In the case of meat consumption, Egalitarian institutions tend to assume the only workable strategy is a kind of voluntary mass-conversion to something like vegetarianism, (or at least meat-free Mondays Thursdays). The issue is cast in moralizing terms to drive home the point.

“Cultural Theory starts by assuming that a culture is a system of persons holding one another mutually accountable. A person tries to live at some level of being held accountable which is bearable and which matches the level at which that person wants to hold others accountable.”
(Mary Douglas, ‘Risk as a Forensic Resource’, in Edward J. Burger, ed., Risk. University of Michigan Press, 1990:10)

But why do we have to have only an Egalitarian solution to an Egalitarian problem? Isn’t the solution space much bigger than this? This unexamined matching of the solution to the problem is widespread and goes far beyond Egalitarianism. The same worldview that selected the problem in the first place tends also to prescribe certain kinds of solution and to proscribe certain other kinds. Each cultural solidarity has its own special version of that much-parodied car bumper sticker: ‘The answer is Jesus – now what’s the problem?’

Looked at this way it’s possible to see that while there might be only four kinds of problem, there are actually sixteen kinds of solution; or that while there are only four kinds of solution, these can solve sixteen types of problem. Most of these are culturally disallowed, but there is no reason why they should not at least be entertained. For example, an Individualist response to the issue of meat consumption might be to promote vegetarian dining as a high status, exclusive activity, in sharp contrast to the lentils and sandals image of Egalitarian vegetarians. A Hierarchical approach might be to deprecate personal preferences and make changes that affect large numbers of people simultaneously – for example by subsidising certain types of farming or land use while taxing others.
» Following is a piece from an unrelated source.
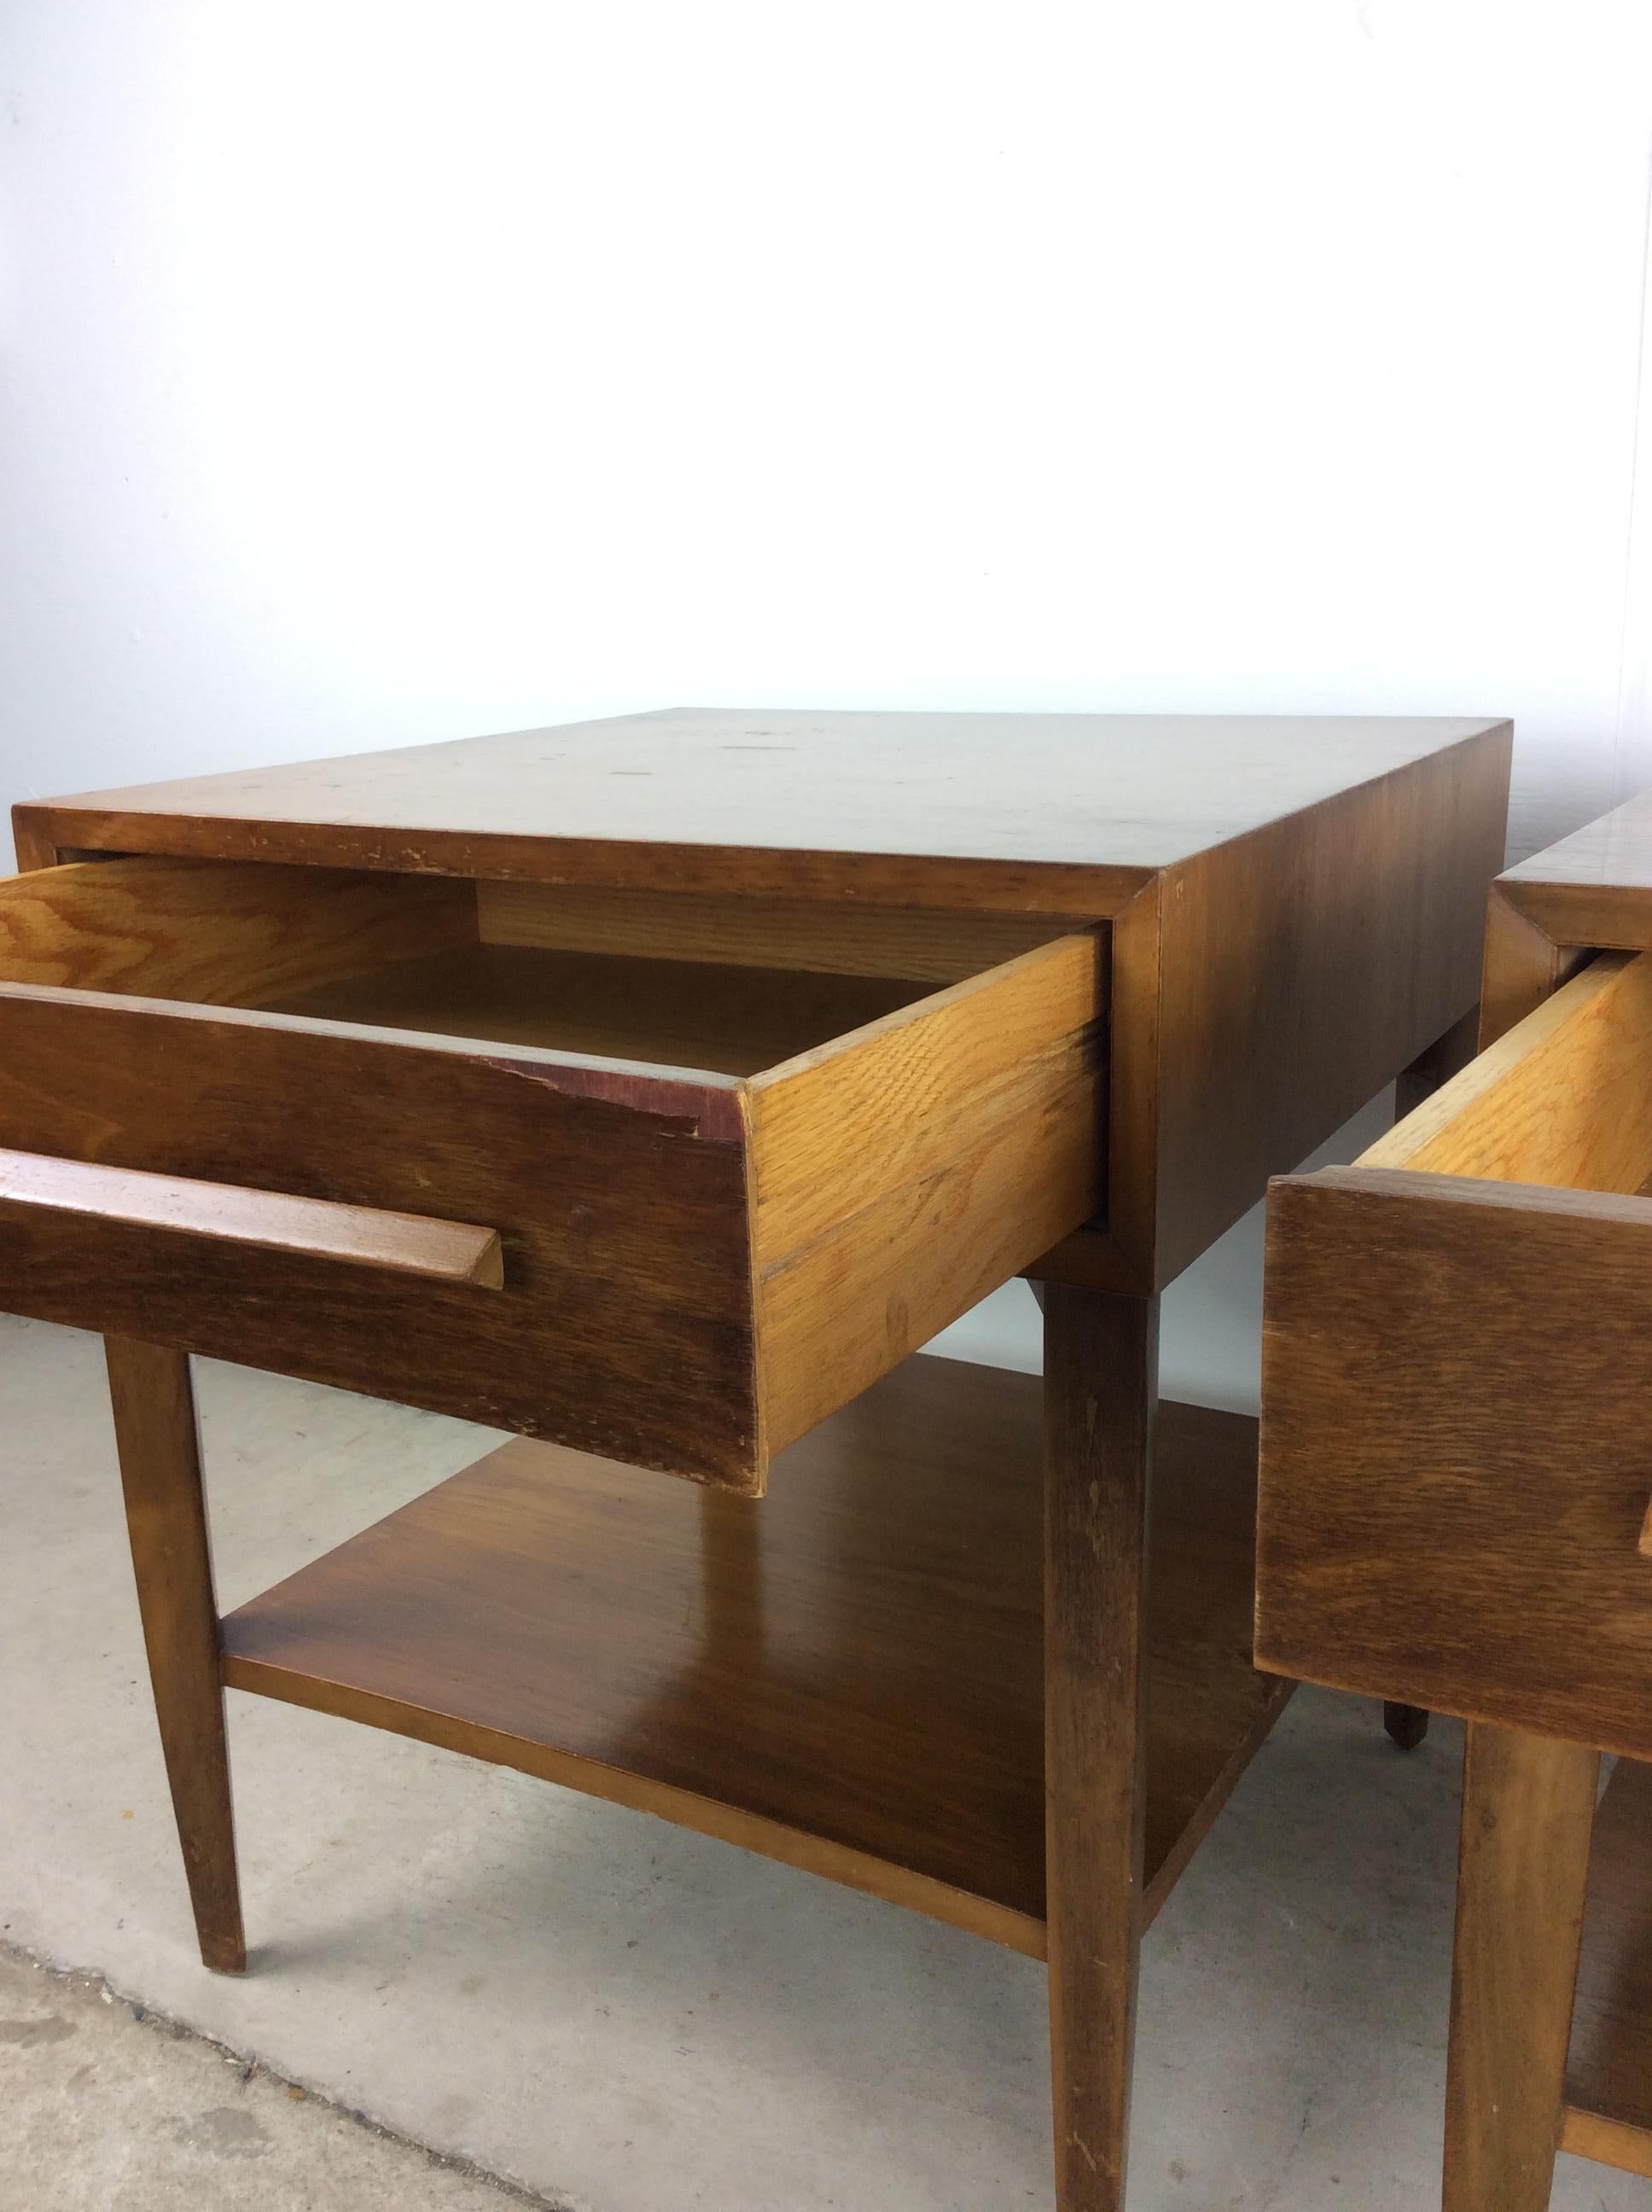 Pair of Mid Century Modern Single Drawer Nightstands by Widdicomb For Sale 11

 “Often the best ways to solve environmental problems are invisible and not available to the consumer in the supermarket aisle. We can tax or regulate offending activities, such as fertilizer runoff or the bad treatment of animals. But we cannot always tell how much environmental evil any given foodstuff contains.” (Tyler Cowen, reviewing  Michael Pollan’s book, The Omnivore’s Dilemma, 2006)

The upshot is that since we are culturally conditioned to pair certain types of problem with certain types of solution we fail to see beyond the horizons of our own cultural biases. In many situations it’s pretty hard to see further than this but Cultural Theory offers tools for doing so and it provides a framework for innovating solutions to otherwise intractable problems. My own residual Egalitarianism leads me to assume that there is a great value in modelling social change at a personal level, to be, as Gandhi put it, the change you want to see in the world. Cultural Theory helps remind me that a) others may well find this unbearably smug and b) there may be other ways of doing it.